Same tools as above, exposed to the agent so it can search, sketch structure, and trace impact instead of vacuuming whole files by default. Point the server at a checkout whose root contains `.coderay.toml` (`CODERAY_REPO_ROOT` below). For choosing tools versus a plain read, see [AGENTS.md](AGENTS.md).

```bash
which coderay-mcp
```

```json
{
  "mcpServers": {
    "coderay": {
      "command": "/path/to/.venv/bin/coderay-mcp",
      "args": [],
      "env": { "CODERAY_REPO_ROOT": "${workspaceFolder}" }
    }
  }
}
```

`CODERAY_REPO_ROOT` must be the directory that contains `.coderay.toml`. More detail: [`mcp_server/README.md`](src/coderay/mcp_server/README.md).


## Why this matters

Noisy context windows make models confident about the wrong code. CodeRay front-loads **intent** (search), **shape** (skeleton), and **dependencies** (impact) so the expensive read happens after you have a map—not instead of ever reading implementation when control flow matters.

### Token savings (tiktoken, `cl100k_base`)

Measured on this repo after a full index.
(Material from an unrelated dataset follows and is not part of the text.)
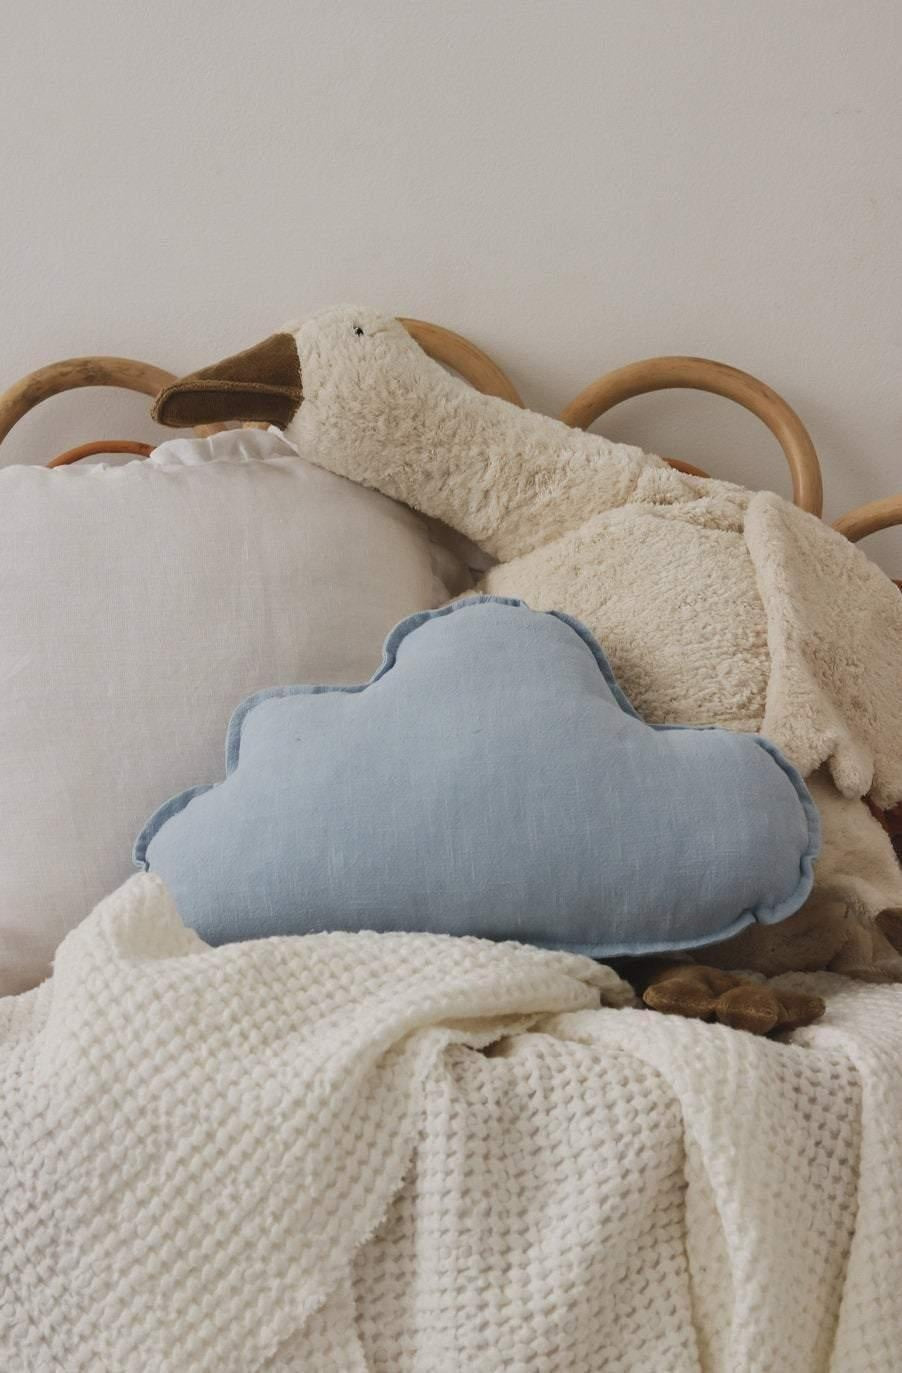 Cloud Pillow Linen “Baby Blue” | Kids Room & Nursery Decor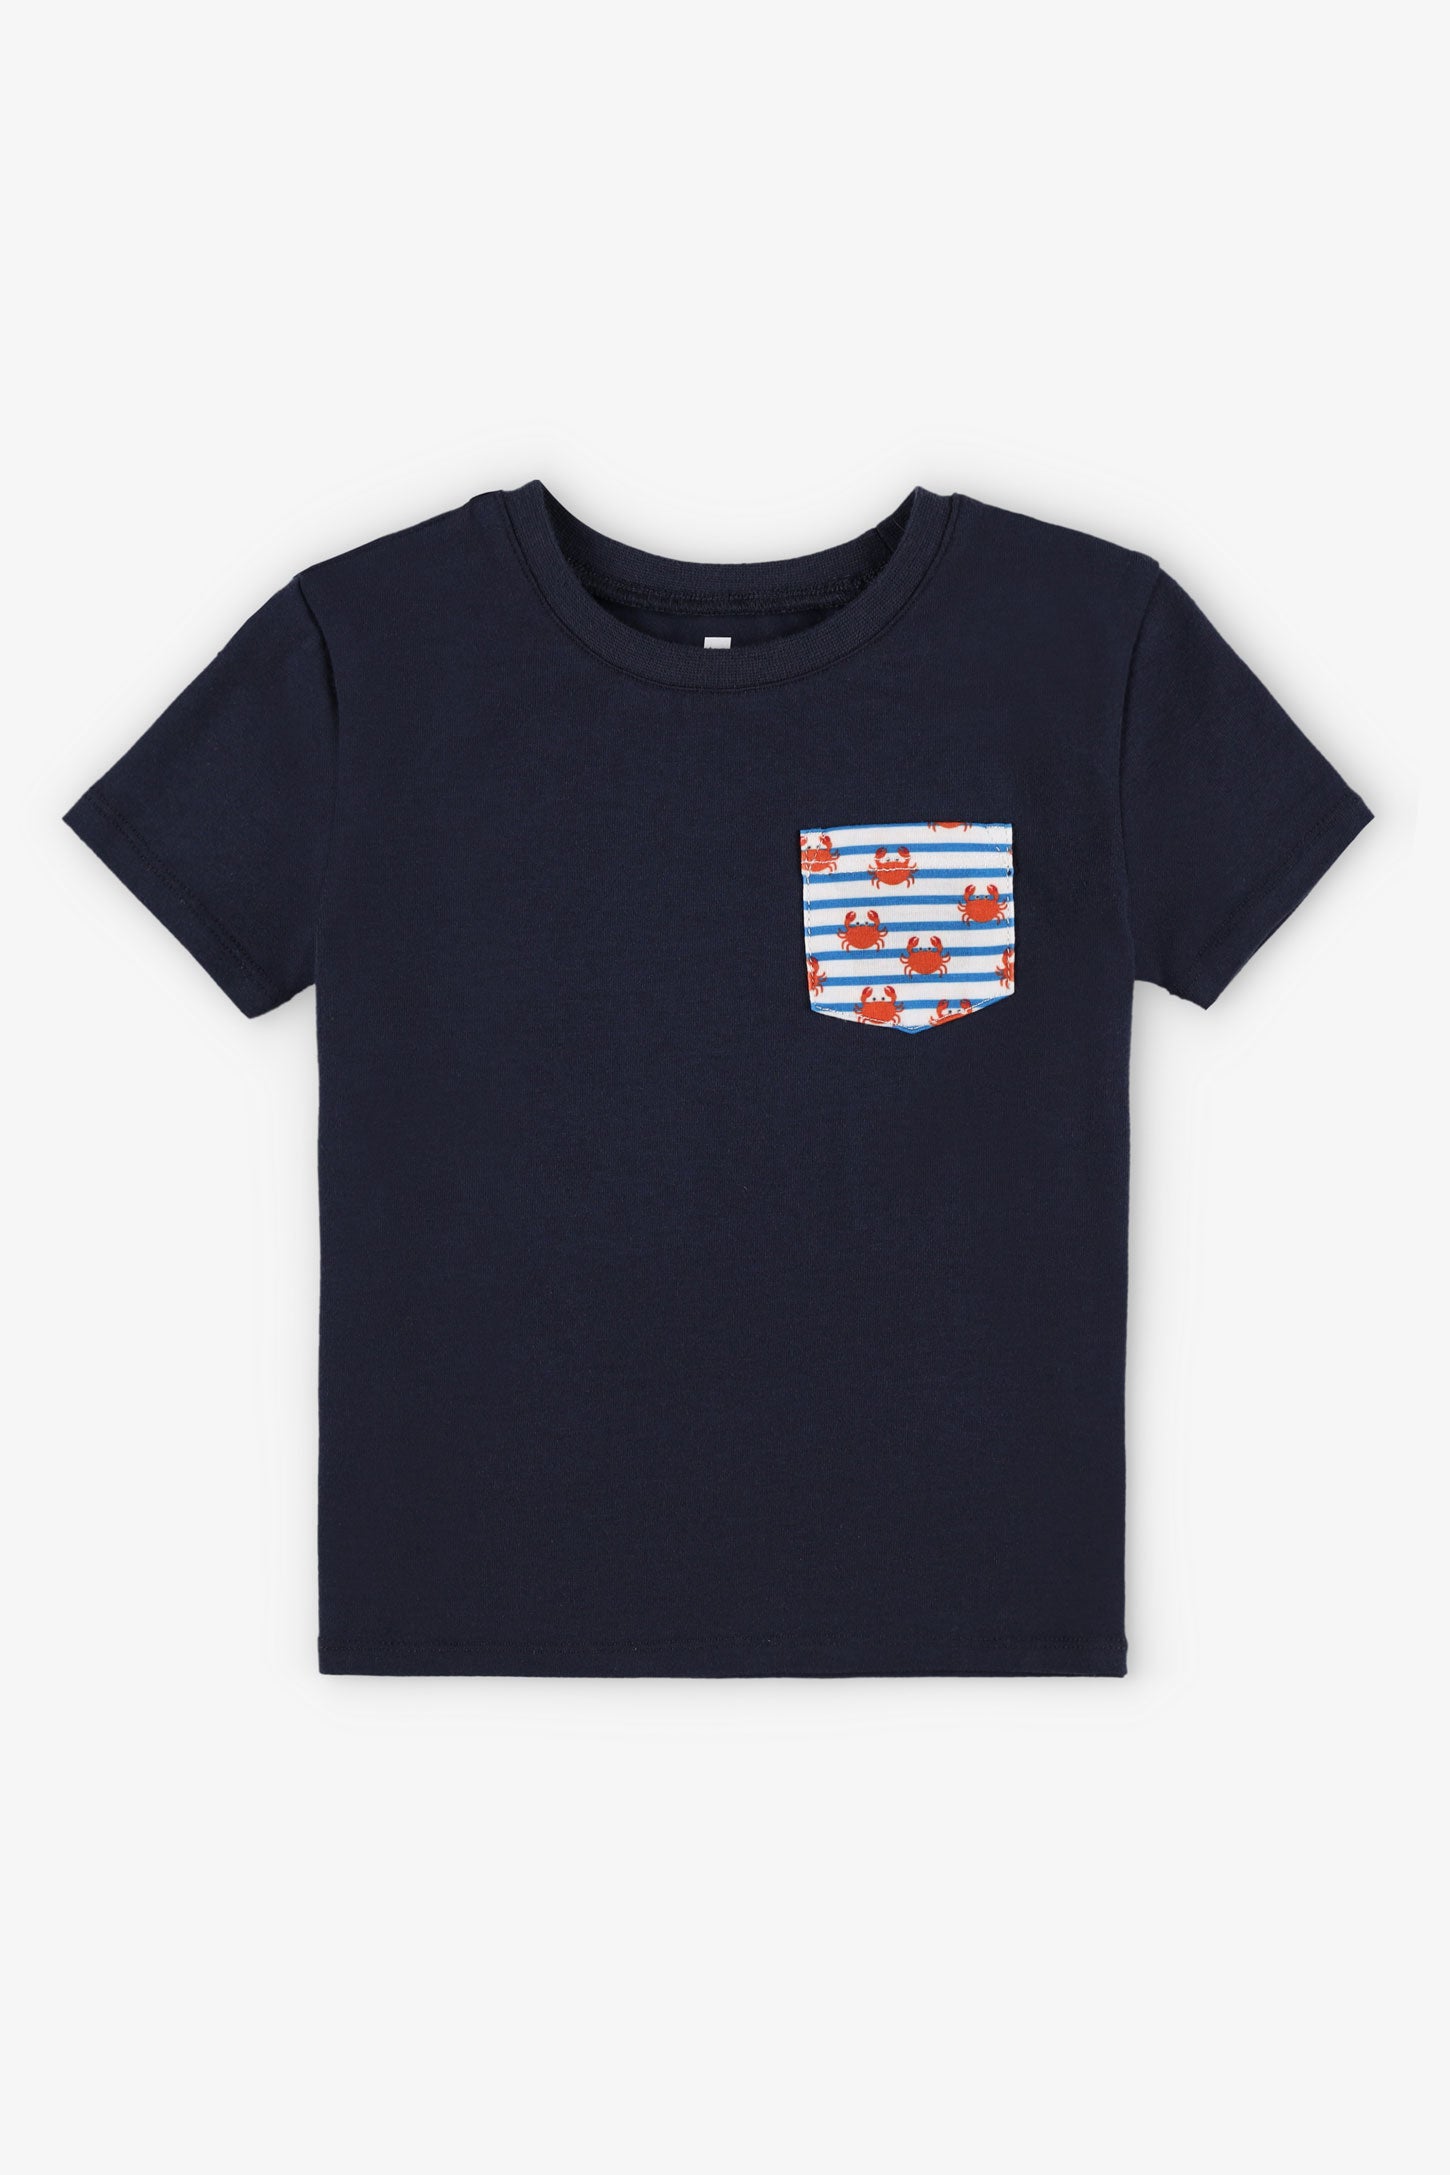 T-shirt col rond coupe droite coton, 2/15$ - Bébé garçon && BLEU MARINE

| File                               | Lines | Full read | Skeleton | Savings  |
| ---------------------------------- | ----- | --------- | -------- | -------- |
| `src/coderay/pipeline/indexer.py`  | 400   | 3,024     | 757      | **4.0x** |
| `src/coderay/graph/code_graph.py`  | 500   | 4,261     | 1,022    | **4.2x** |
| `src/coderay/mcp_server/server.py` | 316   | 2,268     | 1,313    | **1.7x** |



| Query                                | Search hit tokens | vs full `indexer.py` read |
| ------------------------------------ | ----------------- | ------------------------- |
| "how are files re-indexed on change" | 479               | **~6x cheaper**           |


*Not guarantees — model, chunks, and files affect counts.*


## Features

- **Languages** — Python, JavaScript, and TypeScript — [`parsing/README.md`](src/coderay/parsing/README.md)
- **Multi-repo / monorepo** — roots, aliases, optional `include` subtrees — [`core/README.md`](src/coderay/core/README.md)
- **Hybrid search** — vector + BM25 (RRF), optional boosting — [`retrieval/README.md`](src/coderay/retrieval/README.md)
- **Embeddings** — fastembed (CPU) or MLX on Apple Silicon — [`embedding/README.md`](src/coderay/embedding/README.md)
- **Watch** — incremental re-index; `.coderay.toml` is the source of truth for what’s indexed


## Install

**pipx (no venv):**

```bash
brew install pipx && pipx install coderay   # macOS
# Linux: python3 -m pip install --user pipx && pipx install coderay
```

**In a project:**

```bash
python -m venv .venv && source .venv/bin/activate
pip install coderay
# Apple Silicon (optional): pip install "coderay[mlx]"
```

**From source:** `pip install -e ".[all]"` — see [CONTRIBUTING.md](CONTRIBUTING.md).


## Quick start

```bash
cd /path/to/your/project
coderay init
coderay watch
coderay search "how does authentication work"
coderay skeleton src/app/main.py
coderay impact some_symbol
```


## CLI

| Command                   | Description                                                |
| ------------------------- | ---------------------------------------------------------- |
| `coderay init`            | Create `.coderay.toml` and `.coderay/`                     |
| `coderay watch [--quiet]` | Re-index on file changes                                   |
| `coderay build [--full]`  | One-off or full rebuild                                    |
| `coderay search "query"`  | Semantic search (`--top-k`, `--path-prefix`, `--no-tests`) |
| `coderay skeleton FILE`   | Signatures (`--symbol`)                                    |
| `coderay impact SYMBOL`   | Blast radius (`--max-depth`)                               |
| `coderay graph`           | List edges (`--from`, `--to`, `--kind`)                    |
| `coderay list`            | Chunks or per-file summary                                 |
| `coderay status`          | Index metadata                                             |
| `coderay maintain`        | Compact LanceDB                                            |


## Configuration

`coderay init` writes an annotated `.coderay.toml`: `[index]`, `[search]`, `[graph]`, `[embedder]`, `[watcher]`. See module READMEs linked from [`src/README.md`](src/README.md).


## Contributing

[CONTRIBUTING.md](CONTRIBUTING.md)


## Accuracy and limitations

Semantic search is approximate (model and chunks matter). **No warranty** — MIT License. Evaluate on your own codebase.